Thanks to the internet, I learned of Craig and Rob’s work as top editors of Blender magazine. I also learned that Rob wrote the infamous February 2010 Playboy article titled Sexual Napalm on John Mayer. While the rest of America was hyped up about the content of the article, I, with wide-eyes, asked the question: How did this guy get John Mayer to unapologetically say whatever was on his mind? Little did I know, a few months later I’d be listening in on his interviewing technique.
I was working for music journalism veterans, something very few college students had the chance to do. Myself and several other interns transcribed some of the most fascinating interviews we’ve ever listen in on.
The names just got bigger and bigger with each new assignment. It started with John Cannelli, a quiet and humble interview. Then, I received an interview with Al Teller, which was one of the funniest and loudest interviews I transcribed. There was the language barrier, Rudolf Schenker of the Scorpions, which challenged my ability to decipher a German accent. The MTV sweetheart, Karen Duffy, who had the most passionate interview and literally brought me to tears with her appreciation for life. And then there was Michael Stipe, which I can’t talk about without getting fired up. There’s nothing like a pretentious, ironic, middle-aged hipster to really get my blood boiling. Talented? Absolutely, and he knows it.

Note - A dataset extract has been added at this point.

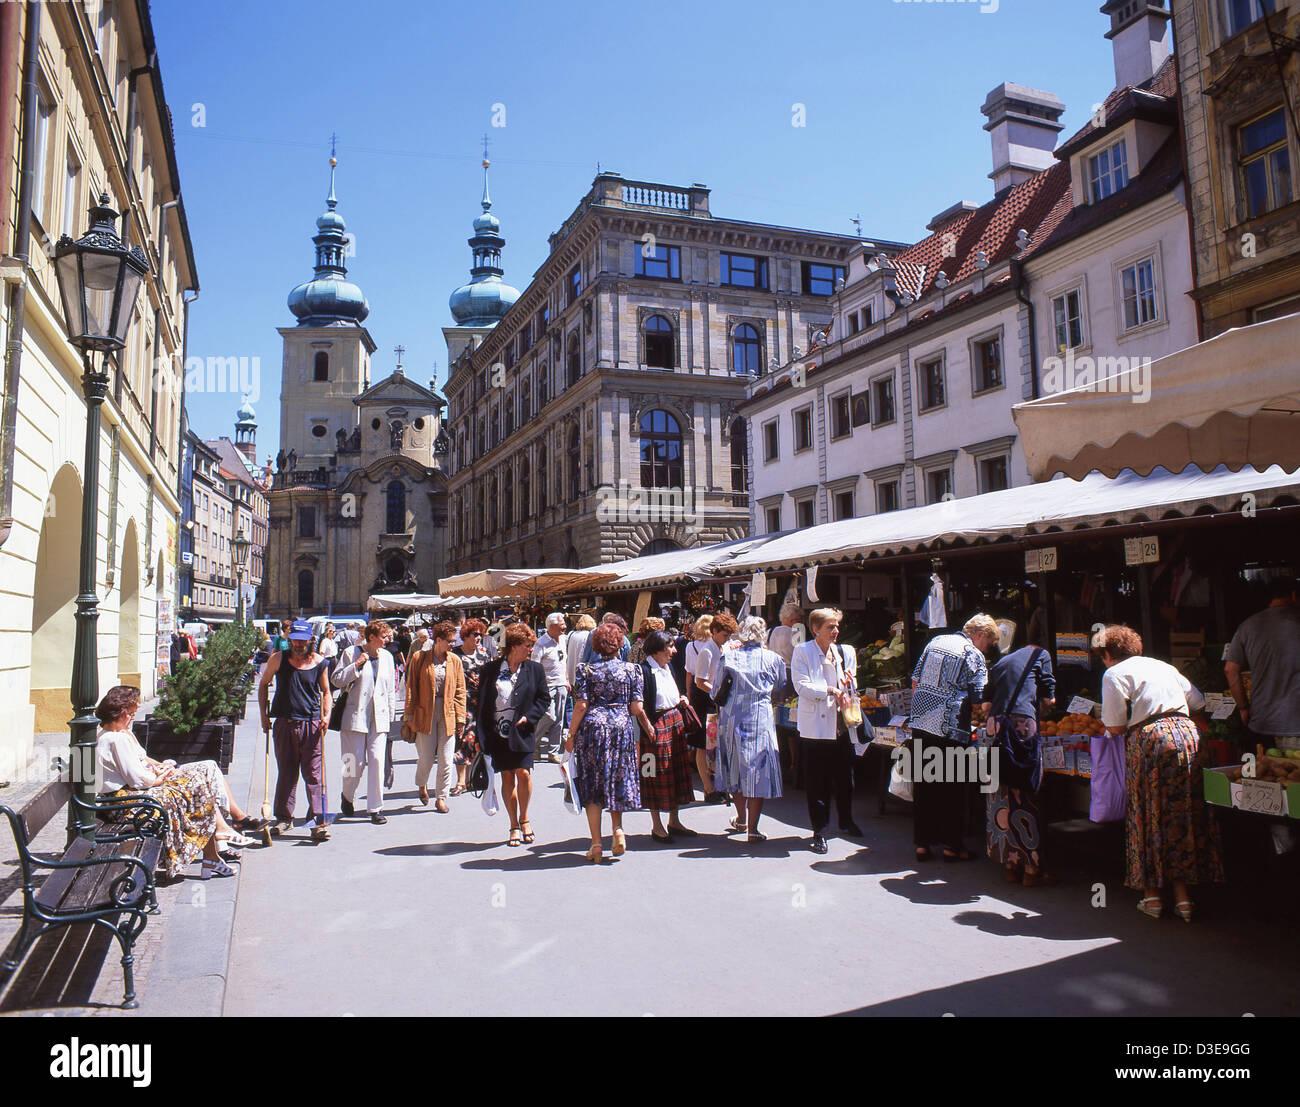 Marché de rue dans la vieille ville (Staré Město), Prague (Praha), Région de Prague, République Photo Stock

I learned later that one incredibly lucky intern got to transcribe an interview with Snoop Dogg. But these names are just a sprinkle out of 400 plus interviews Craig and Rob conducted for their book.

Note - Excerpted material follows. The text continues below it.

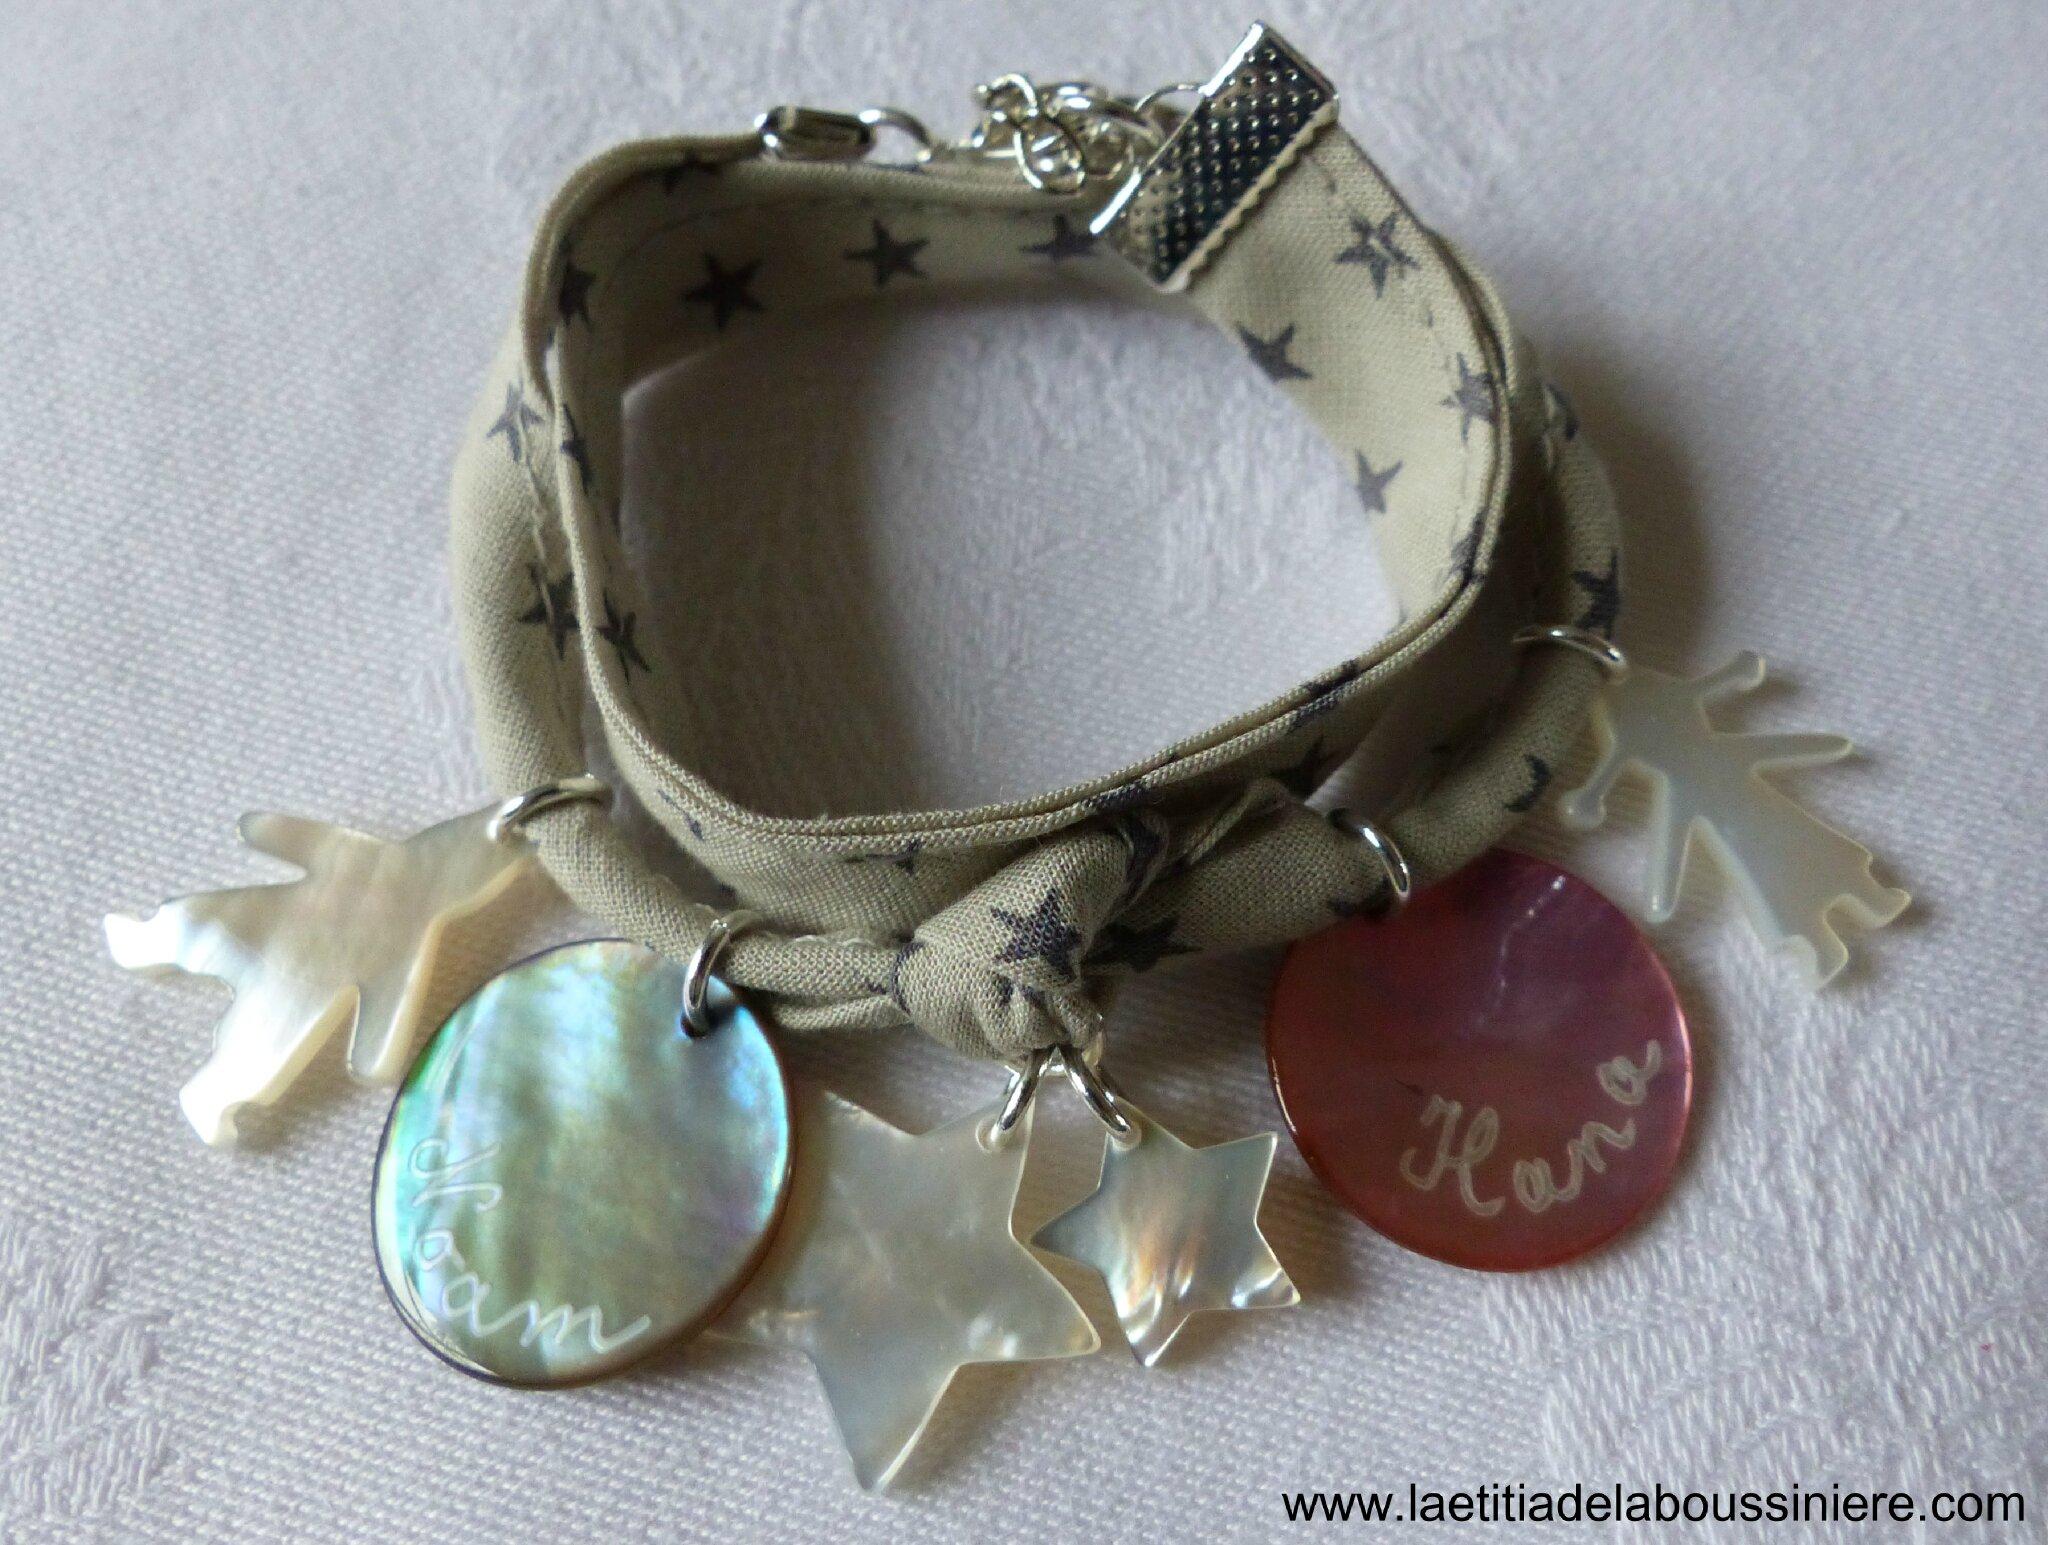 Bracelet double tour médailles en nacre gravées et breloques en nacre

The interviews were all engaging in different ways. I wondered for months how all these MTV characters would unify in the confines of a hardcover book. But today, the wait was finally over.

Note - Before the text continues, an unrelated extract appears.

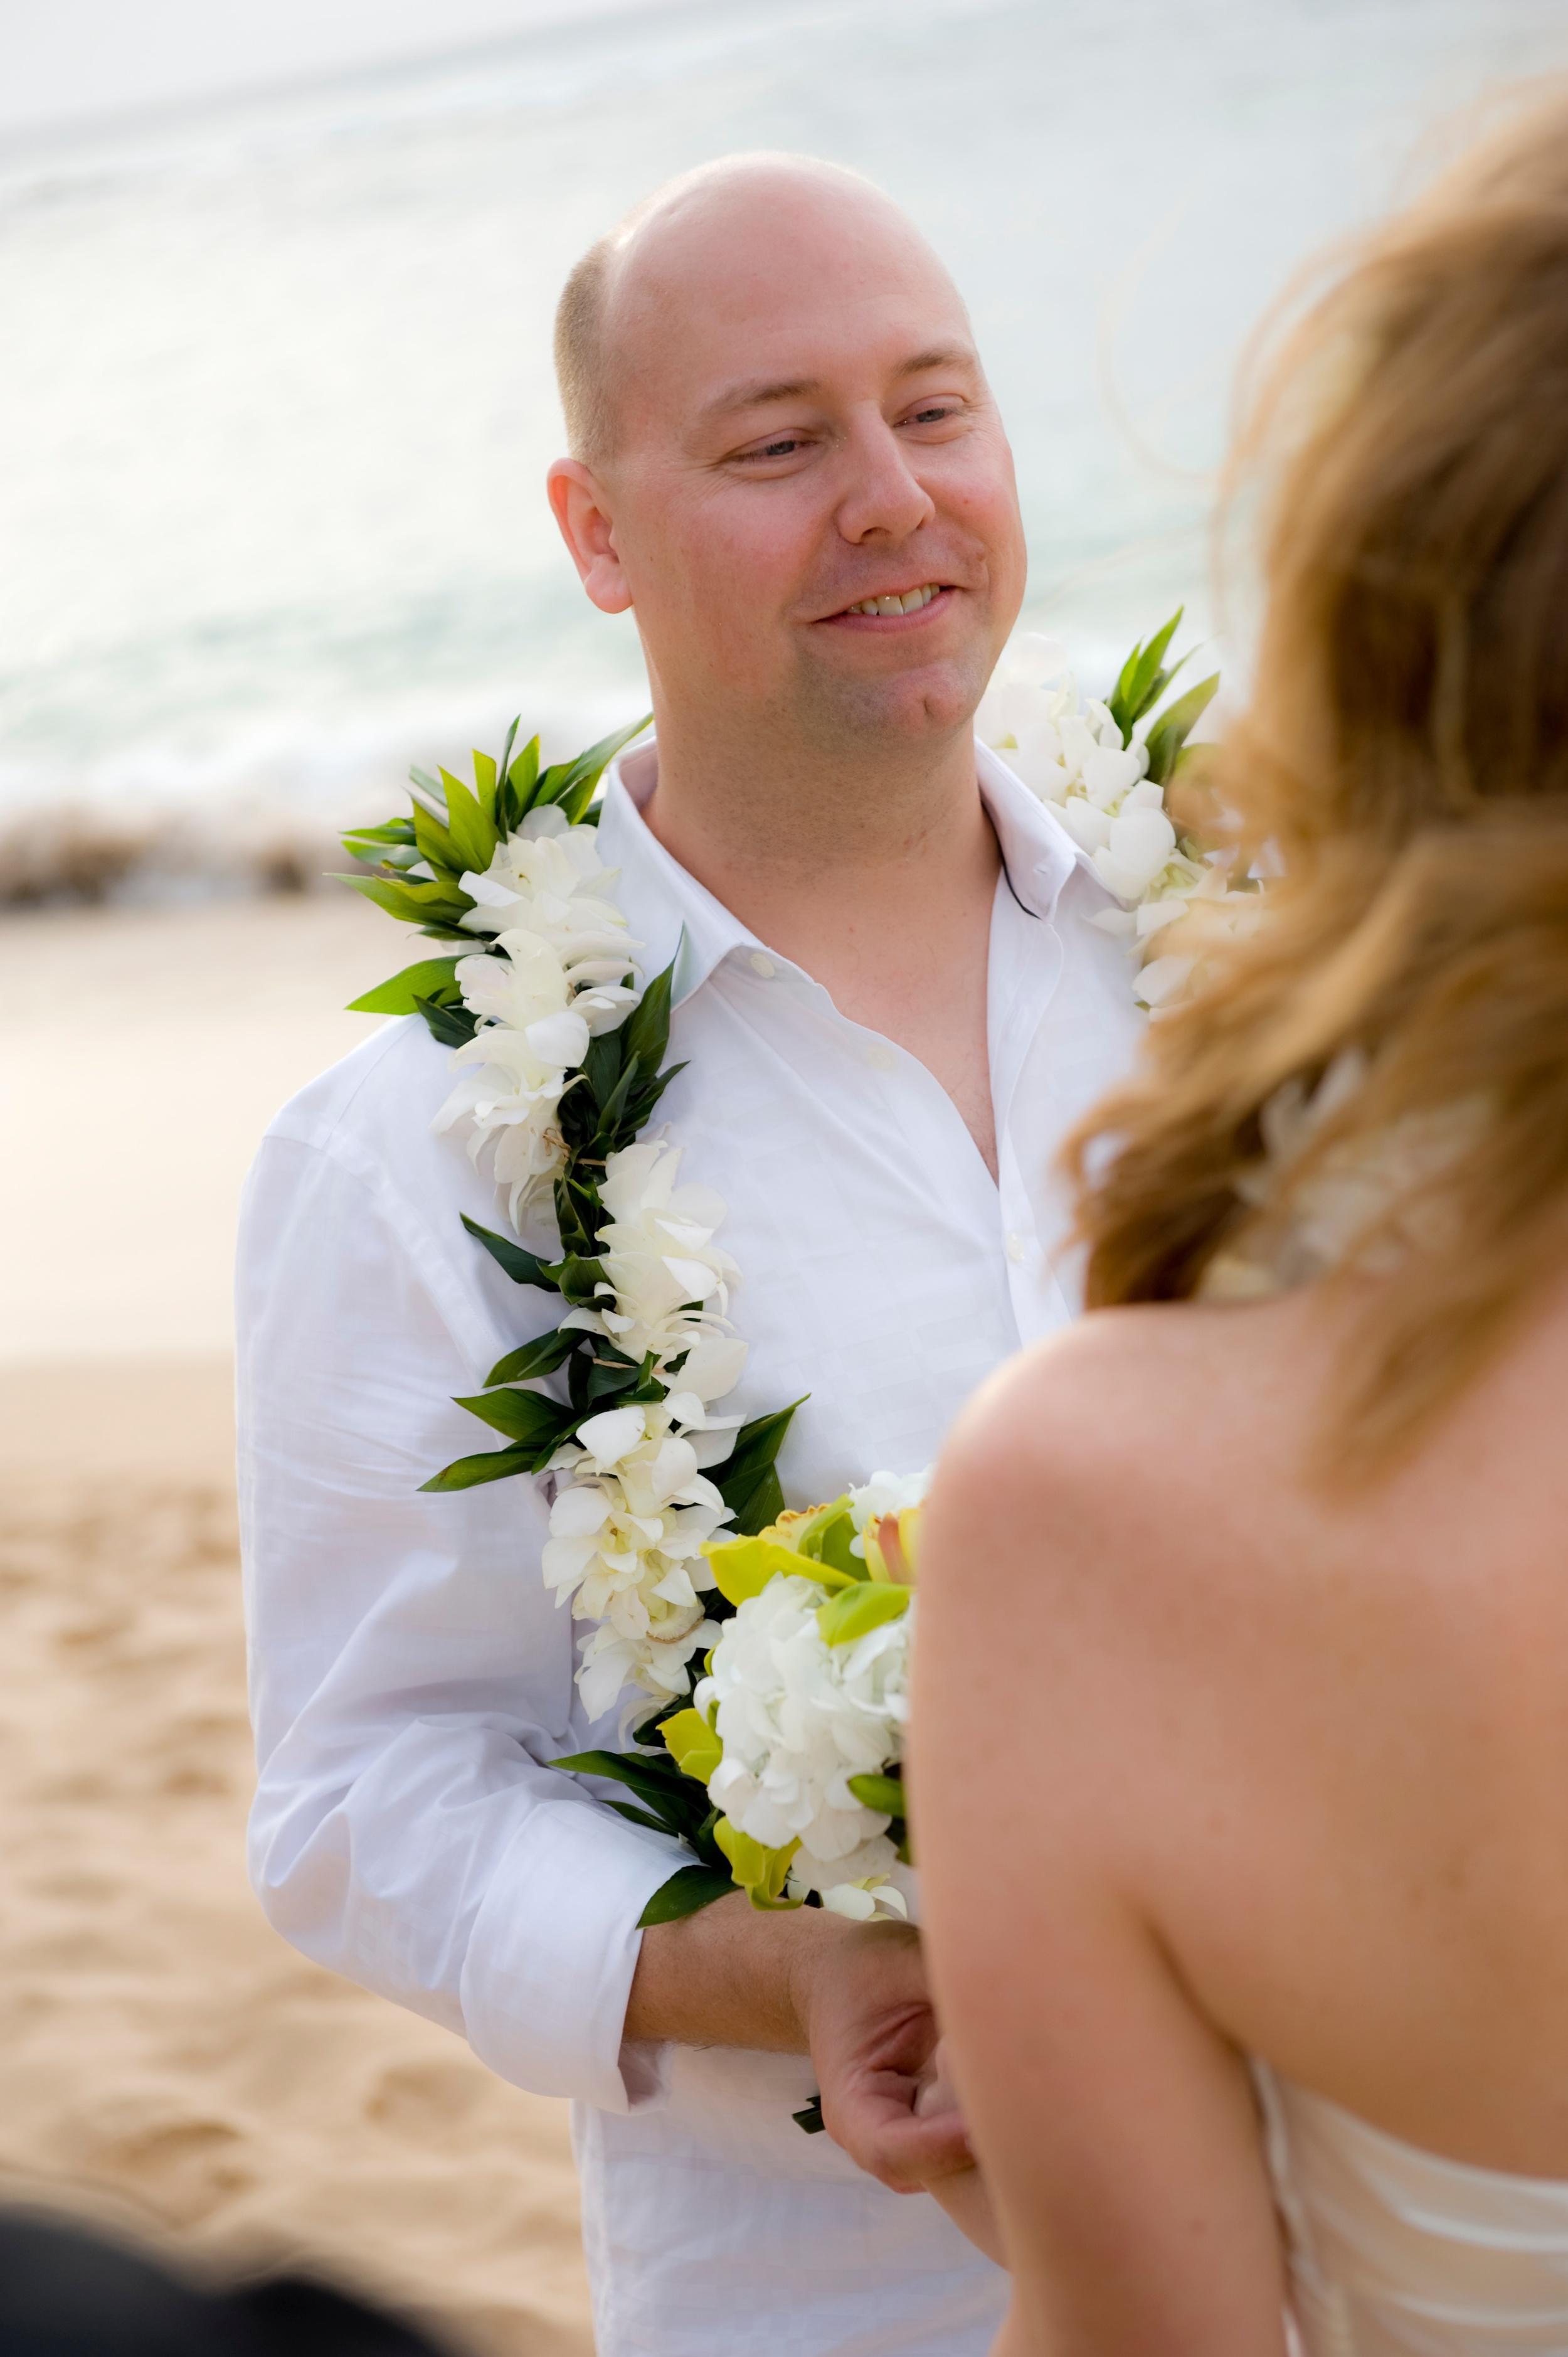 Wedding++31696-1852471803-O.jpg

Today, I Want My MTV: The Uncensored Story of the Music Video Revolution by Craig Marks and Rob Tannenbaum hit the bookstore shelves and I could not get out of work at Starbucks fast enough to see it in the flesh. Under full, heavy skies, I raced to Barnes and Noble with a mirrored thrill to when I raced home to watch TRL on MTV. I asked the sales girl for a copy of the book, which was not even on the shelves yet. The five-minute wait was the longest wait of my life. I tried to pretend to be interested in some of the books on the New Releases table, but honestly, I wasn’t having any of it today. I just wanted my MTV.
Finally, the sales girl emerged from the back with a copy of I Want My MTV. It was as thick as a Bible and weighed roughly the amount of a newborn baby. Holding the book in my hands was the proudest moment of my life. Wait, I lied- seeing my name on page 573 under Acknowledgements, accompanied by kind words from Craig and Rob to the interns, was the proudest moment of my life. I was so grateful that I had the opportunity to learn from such experienced writers on what seemed to be a larger than life project.
I literally grabbed the sales girl and showed her my name in the book along with my license. It was an attempt to not only convince this startled girl that I am the person whose name is nestled on page 573, but to convince myself that the book had finally arrived.
I then did what every normal writer and intern whose name appeared on page 573, would have done in that situation. I asked for five copies of the book and rearranged the New Releases table to include I Want My MTV. I would have asked for ten, but 500 plus pages are a pretty hefty load.
I want to thank Craig, Rob, and Rene for bringing me in on an opportunity of a lifetime, for being patient with my transcriptions while I juggled them among a mediocre part-time job, a full course load, and work as Senior Editor of FDU’s student newspaper, The Pillar and for inspiring me to keep on writing, even if it means I have to serve a hundred million more coffees at Starbucks just so I can afford to be a struggling writer. Hopefully, in the end, I’ll become the writer I always imagine myself to be.